INSTRUCTIONS TO FOLLOW = Retype the listing found below exactly, but leave out each picture.

DATA EXCERPT =
++++++

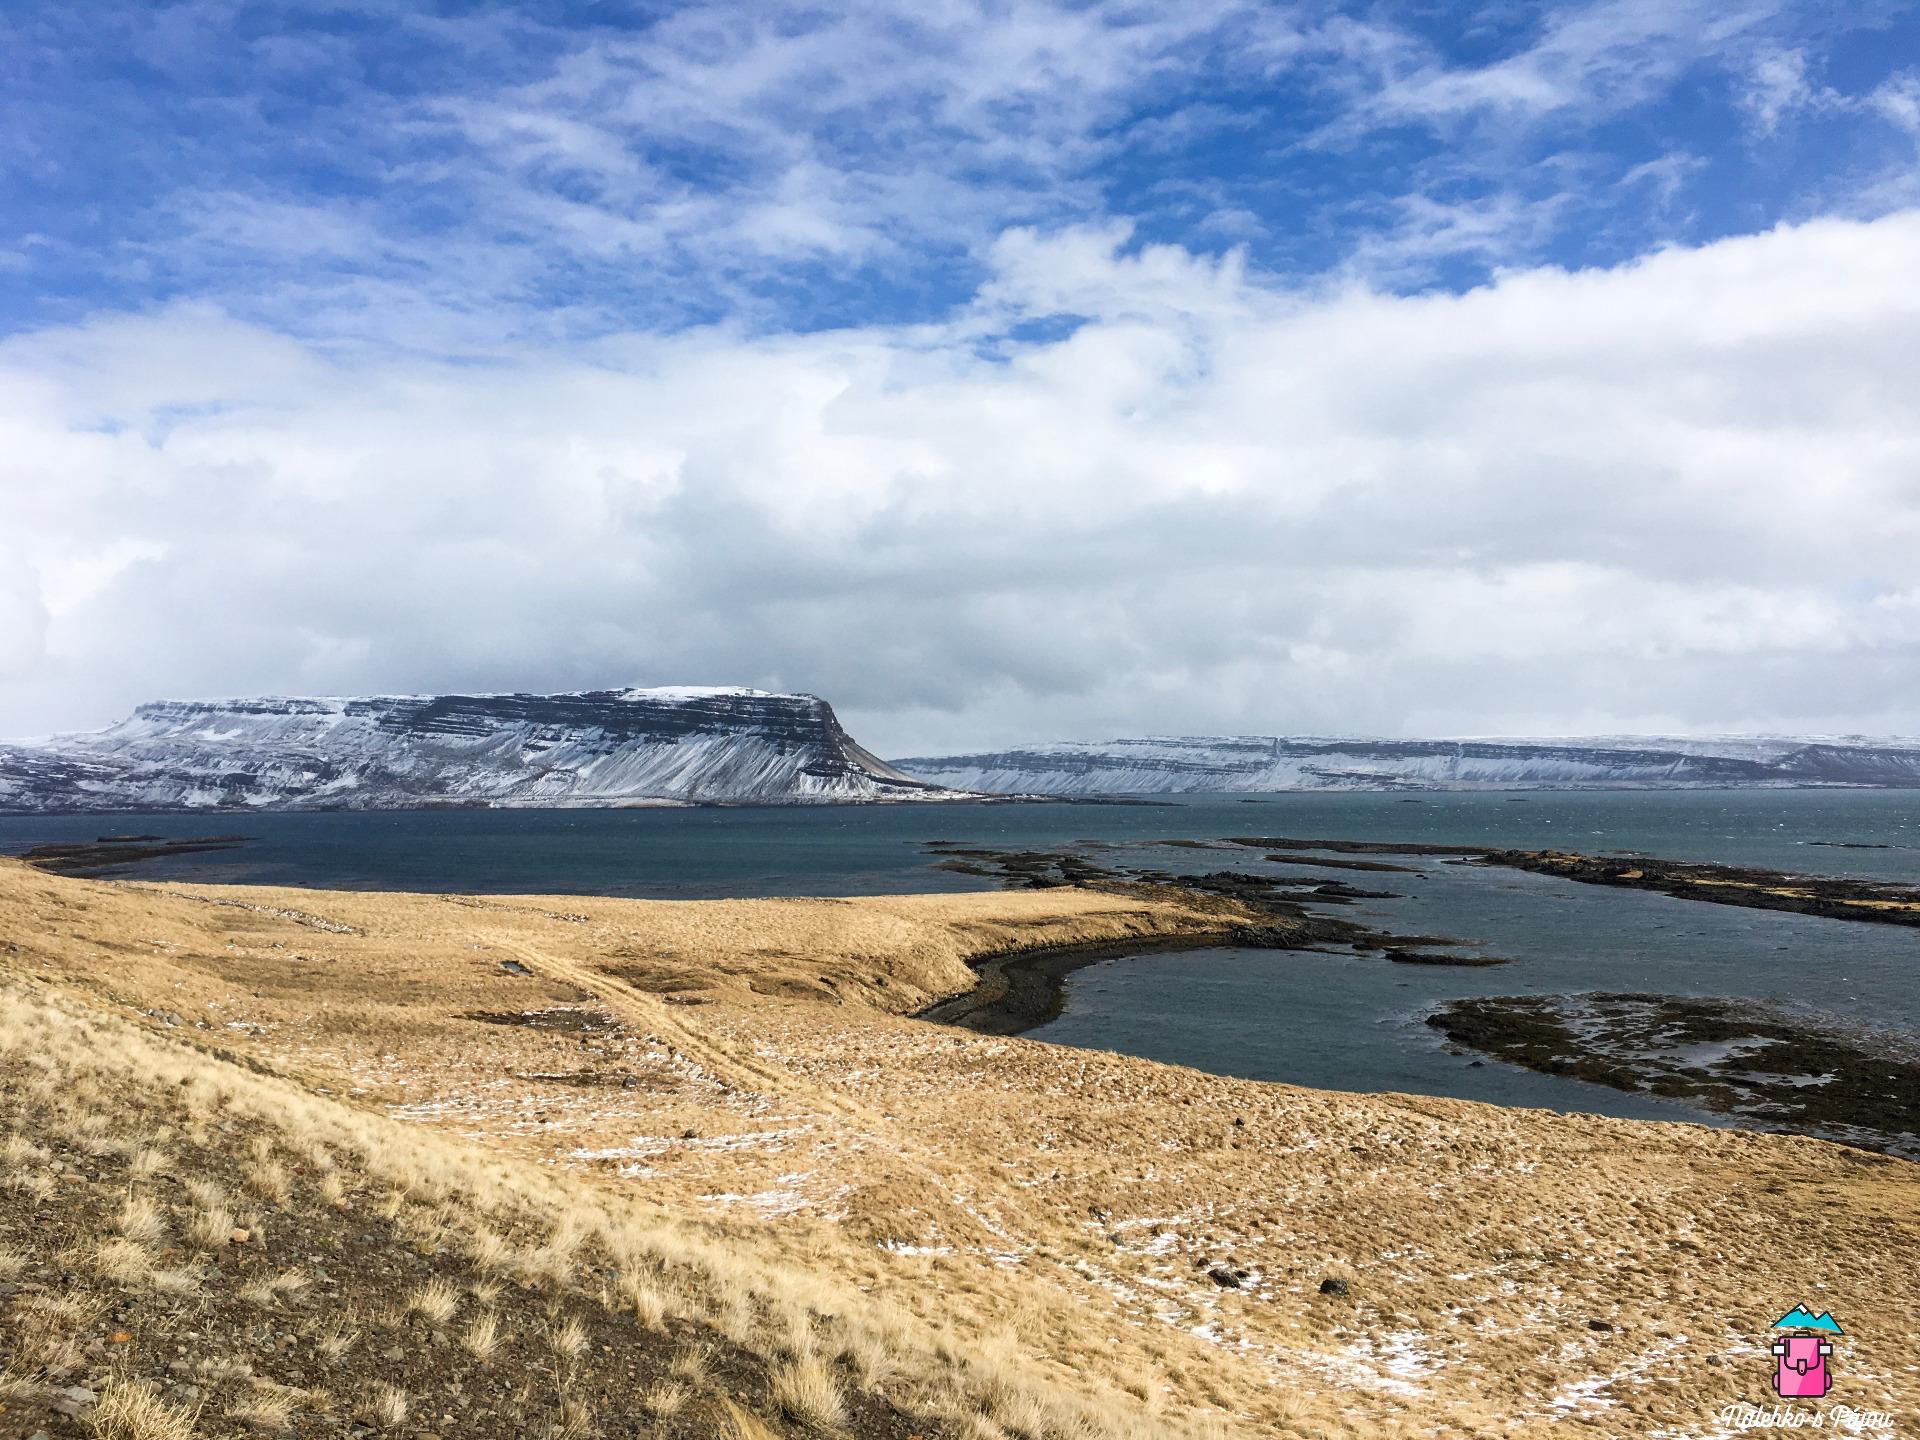 Tyhle místa mě na fjordech nejvíc uchvátily
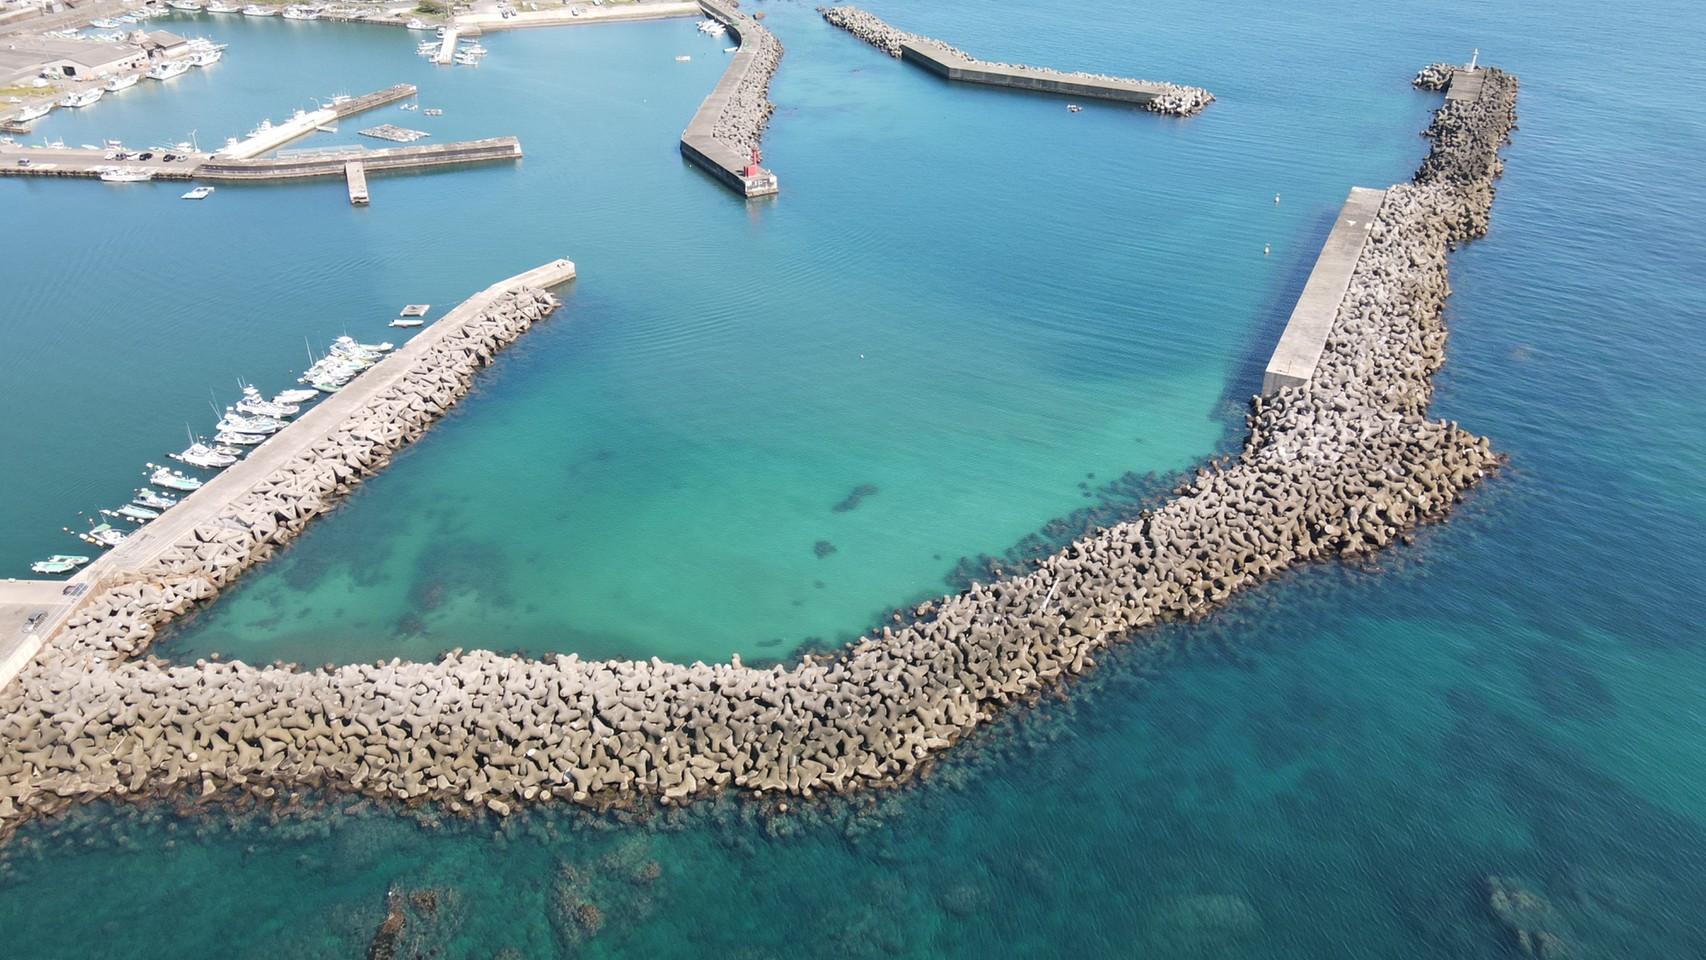 【三重県志摩市】『和具漁港』の海釣りガイド(釣れる魚・駐車場・トイレ)
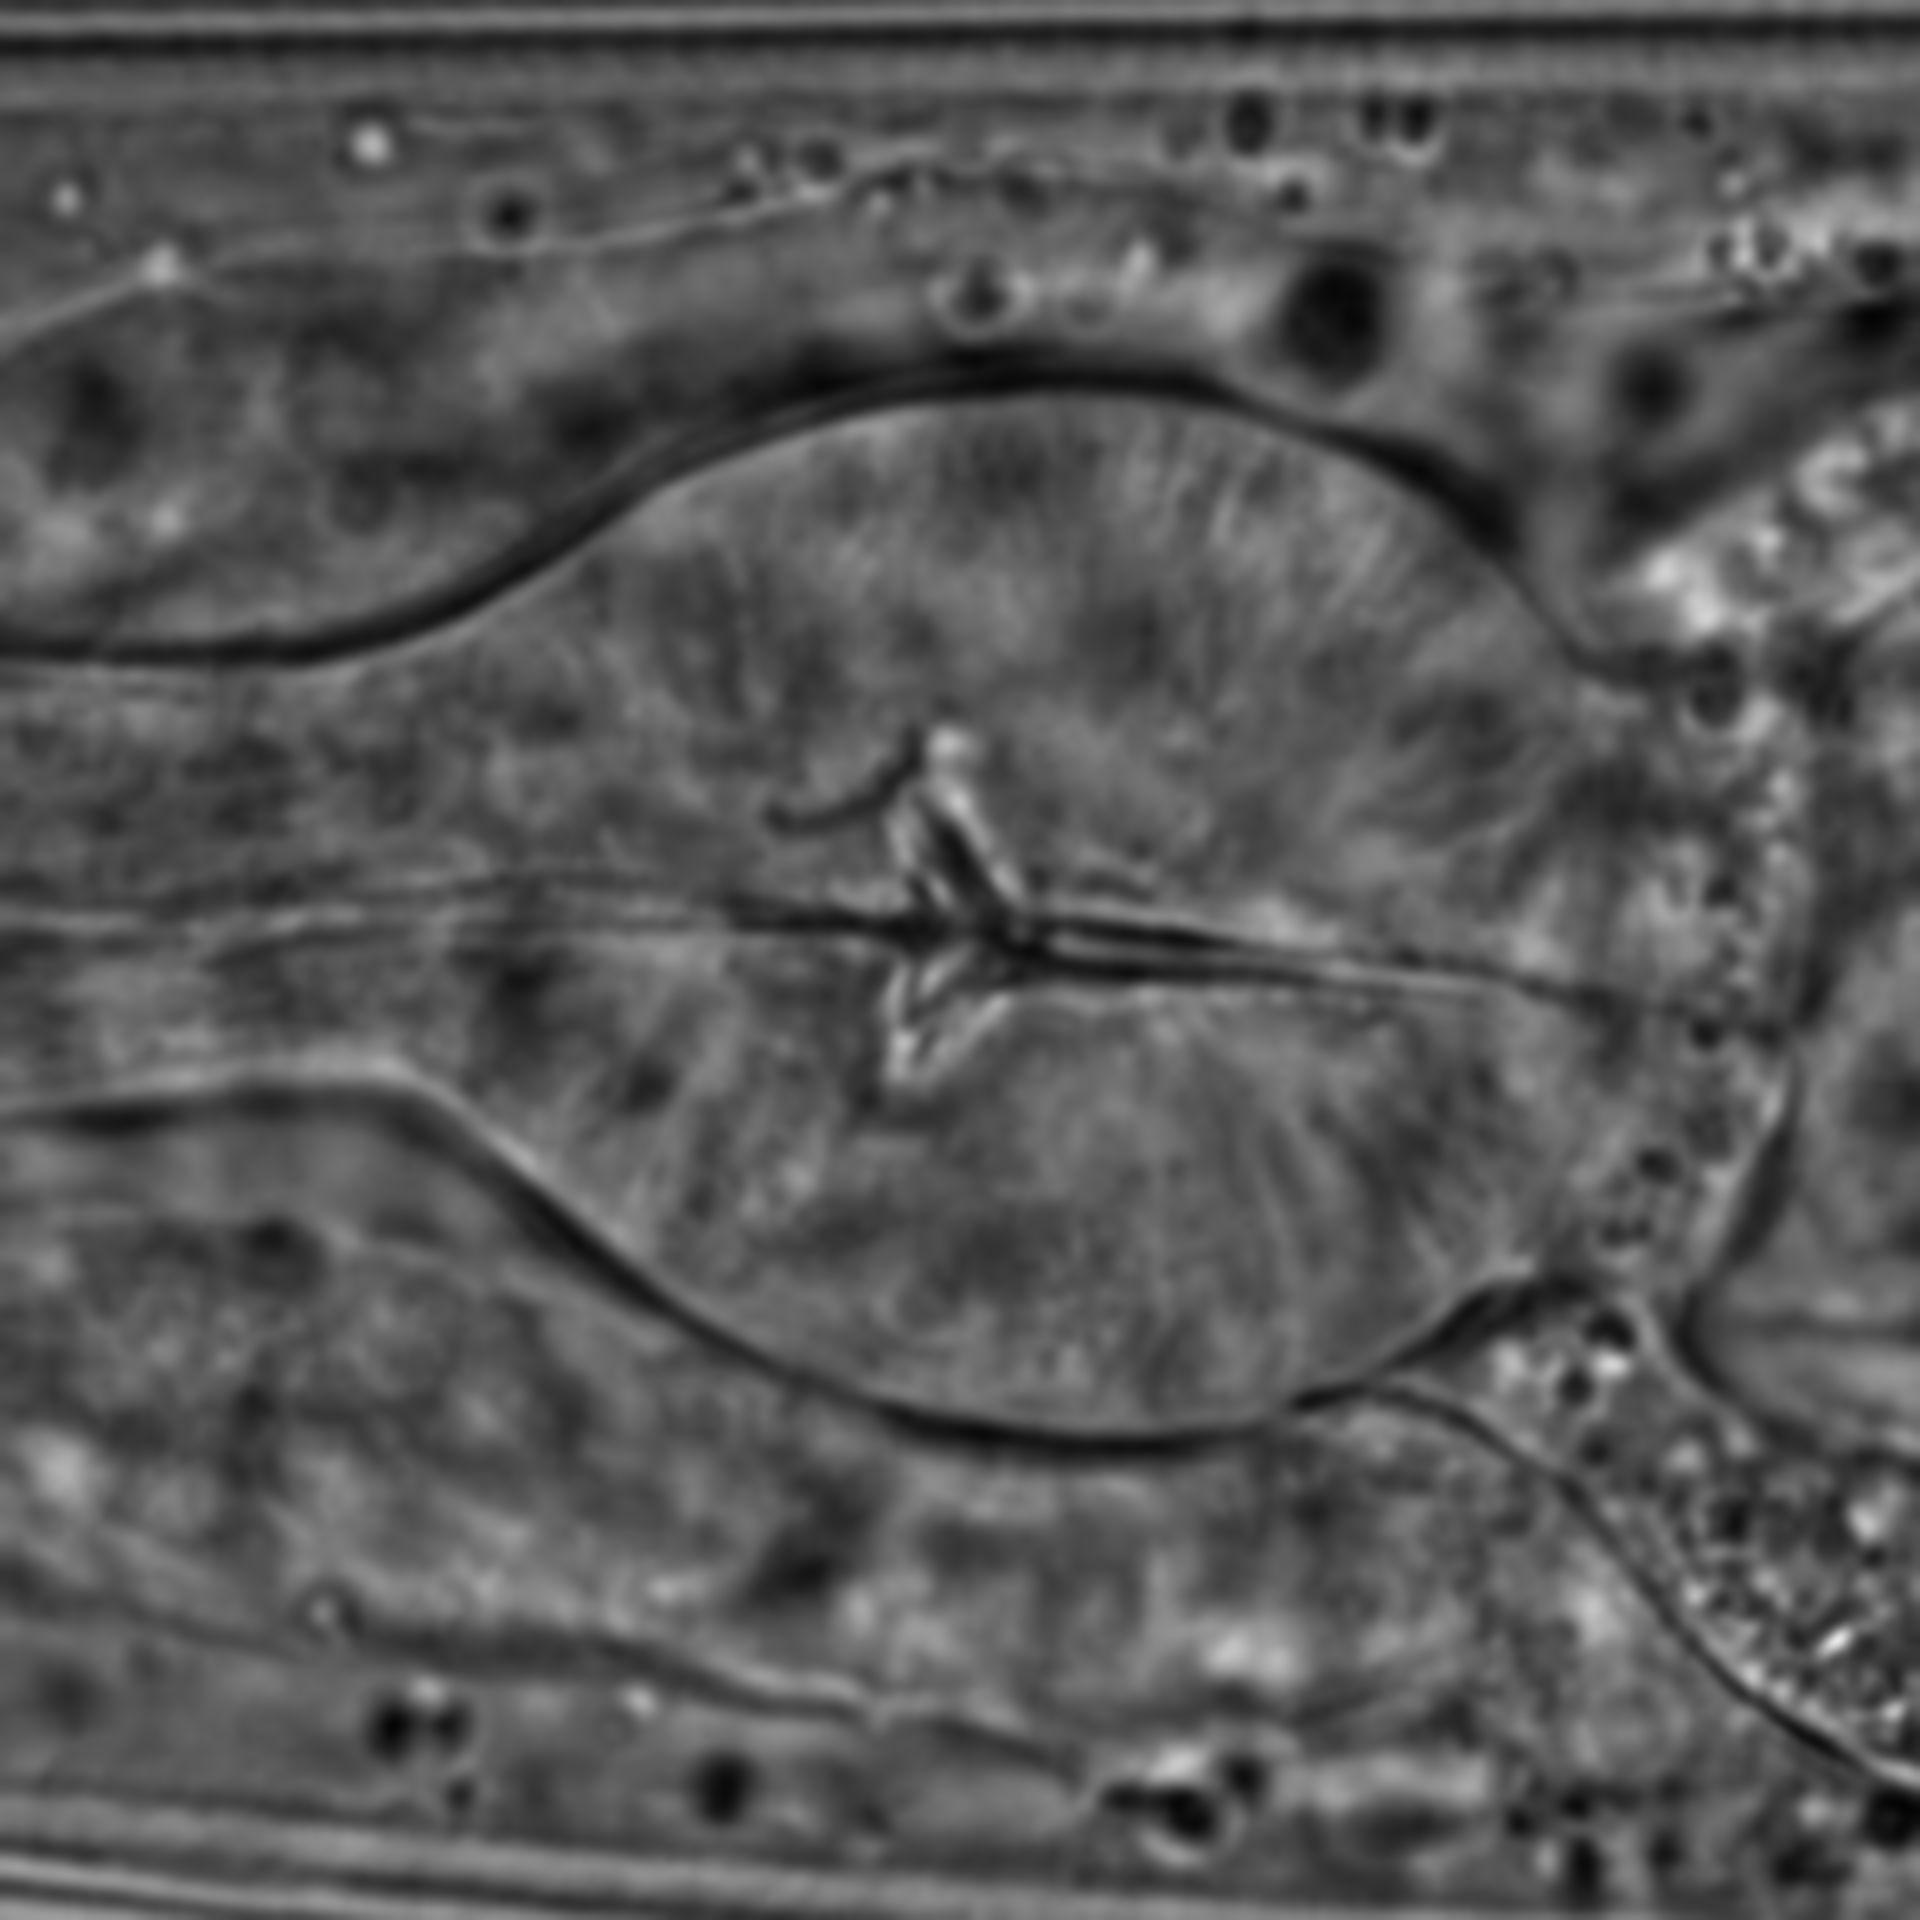 Caenorhabditis elegans - CIL:1593

++++++

RESPONSE TO THE EXERCISE =
 Tyhle místa mě na fjordech nejvíc uchvátily
 【三重県志摩市】『和具漁港』の海釣りガイド(釣れる魚・駐車場・トイレ)
 Caenorhabditis elegans - CIL:1593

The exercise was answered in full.